DATA SECTION:
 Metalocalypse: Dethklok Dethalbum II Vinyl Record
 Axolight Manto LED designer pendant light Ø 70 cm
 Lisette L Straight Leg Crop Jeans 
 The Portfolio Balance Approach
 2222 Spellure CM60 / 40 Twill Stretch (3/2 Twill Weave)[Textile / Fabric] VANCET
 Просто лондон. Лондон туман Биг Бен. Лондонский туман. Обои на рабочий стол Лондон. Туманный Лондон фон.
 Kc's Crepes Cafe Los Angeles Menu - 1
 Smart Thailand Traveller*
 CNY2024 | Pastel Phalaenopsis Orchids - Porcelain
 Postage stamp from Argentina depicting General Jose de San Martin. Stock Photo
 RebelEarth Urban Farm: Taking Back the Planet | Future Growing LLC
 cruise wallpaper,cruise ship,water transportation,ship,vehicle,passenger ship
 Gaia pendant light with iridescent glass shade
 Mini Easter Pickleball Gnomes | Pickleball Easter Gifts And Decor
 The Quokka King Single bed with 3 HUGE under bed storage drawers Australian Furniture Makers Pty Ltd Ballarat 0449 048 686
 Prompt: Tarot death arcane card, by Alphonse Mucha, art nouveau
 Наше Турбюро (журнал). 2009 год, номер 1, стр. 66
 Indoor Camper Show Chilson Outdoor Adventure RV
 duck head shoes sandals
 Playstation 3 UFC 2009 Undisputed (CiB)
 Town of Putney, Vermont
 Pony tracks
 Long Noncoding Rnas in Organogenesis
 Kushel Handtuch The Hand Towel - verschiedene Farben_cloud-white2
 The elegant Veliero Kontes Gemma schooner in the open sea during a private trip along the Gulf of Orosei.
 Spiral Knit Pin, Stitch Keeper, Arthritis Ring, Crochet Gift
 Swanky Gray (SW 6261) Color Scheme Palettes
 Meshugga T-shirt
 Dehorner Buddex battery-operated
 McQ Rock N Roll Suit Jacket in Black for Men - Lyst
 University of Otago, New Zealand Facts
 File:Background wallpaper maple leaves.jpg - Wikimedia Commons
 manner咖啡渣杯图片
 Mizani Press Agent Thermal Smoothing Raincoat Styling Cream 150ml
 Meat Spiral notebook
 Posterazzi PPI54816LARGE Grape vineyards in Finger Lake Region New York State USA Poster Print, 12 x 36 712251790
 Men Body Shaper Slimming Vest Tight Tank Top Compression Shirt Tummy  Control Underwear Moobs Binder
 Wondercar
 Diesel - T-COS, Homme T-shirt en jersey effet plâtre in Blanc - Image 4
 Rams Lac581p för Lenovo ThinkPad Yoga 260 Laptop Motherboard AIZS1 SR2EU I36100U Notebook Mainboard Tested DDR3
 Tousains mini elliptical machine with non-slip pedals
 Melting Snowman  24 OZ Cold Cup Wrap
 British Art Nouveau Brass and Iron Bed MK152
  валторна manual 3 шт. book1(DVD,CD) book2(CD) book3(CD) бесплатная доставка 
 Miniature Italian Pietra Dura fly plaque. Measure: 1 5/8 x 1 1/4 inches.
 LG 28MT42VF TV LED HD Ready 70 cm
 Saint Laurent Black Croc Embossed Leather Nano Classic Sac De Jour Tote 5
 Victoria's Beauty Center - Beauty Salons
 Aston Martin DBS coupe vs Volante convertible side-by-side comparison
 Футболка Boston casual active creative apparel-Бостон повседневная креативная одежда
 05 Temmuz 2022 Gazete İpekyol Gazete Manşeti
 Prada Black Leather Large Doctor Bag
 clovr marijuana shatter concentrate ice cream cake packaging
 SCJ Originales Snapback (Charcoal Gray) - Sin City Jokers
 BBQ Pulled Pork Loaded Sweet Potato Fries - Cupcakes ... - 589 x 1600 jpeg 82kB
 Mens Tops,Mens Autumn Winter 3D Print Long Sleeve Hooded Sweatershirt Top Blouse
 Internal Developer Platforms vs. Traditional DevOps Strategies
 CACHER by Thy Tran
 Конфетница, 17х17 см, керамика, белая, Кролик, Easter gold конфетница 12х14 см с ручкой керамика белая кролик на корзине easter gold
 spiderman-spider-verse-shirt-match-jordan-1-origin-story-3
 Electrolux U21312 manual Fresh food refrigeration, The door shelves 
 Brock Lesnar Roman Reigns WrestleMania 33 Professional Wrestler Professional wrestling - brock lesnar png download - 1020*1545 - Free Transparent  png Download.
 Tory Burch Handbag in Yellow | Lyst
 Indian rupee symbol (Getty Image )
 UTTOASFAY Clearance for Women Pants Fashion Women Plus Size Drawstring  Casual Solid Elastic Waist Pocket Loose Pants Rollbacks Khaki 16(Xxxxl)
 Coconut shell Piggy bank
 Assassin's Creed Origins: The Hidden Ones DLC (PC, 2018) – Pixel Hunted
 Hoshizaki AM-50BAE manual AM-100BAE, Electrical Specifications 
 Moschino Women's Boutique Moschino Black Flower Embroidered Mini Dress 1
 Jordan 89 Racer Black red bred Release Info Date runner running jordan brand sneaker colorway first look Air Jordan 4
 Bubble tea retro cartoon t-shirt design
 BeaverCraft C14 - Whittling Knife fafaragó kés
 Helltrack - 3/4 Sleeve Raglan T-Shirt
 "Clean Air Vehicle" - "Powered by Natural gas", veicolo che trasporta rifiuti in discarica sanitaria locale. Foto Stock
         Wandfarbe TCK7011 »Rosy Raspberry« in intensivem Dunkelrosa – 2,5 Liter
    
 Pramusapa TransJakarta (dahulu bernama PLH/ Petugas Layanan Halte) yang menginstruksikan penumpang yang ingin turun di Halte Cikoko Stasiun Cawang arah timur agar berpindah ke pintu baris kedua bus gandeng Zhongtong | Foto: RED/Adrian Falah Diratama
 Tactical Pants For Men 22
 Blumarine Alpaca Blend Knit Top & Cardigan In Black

TASK DESCRIPTION:
Each line from the start of the records through the line holding "2222 Spellure CM60" must be returned exactly; nothing else belongs in the answer.

RESULT:
 Metalocalypse: Dethklok Dethalbum II Vinyl Record
 Axolight Manto LED designer pendant light Ø 70 cm
 Lisette L Straight Leg Crop Jeans 
 The Portfolio Balance Approach
 2222 Spellure CM60 / 40 Twill Stretch (3/2 Twill Weave)[Textile / Fabric] VANCET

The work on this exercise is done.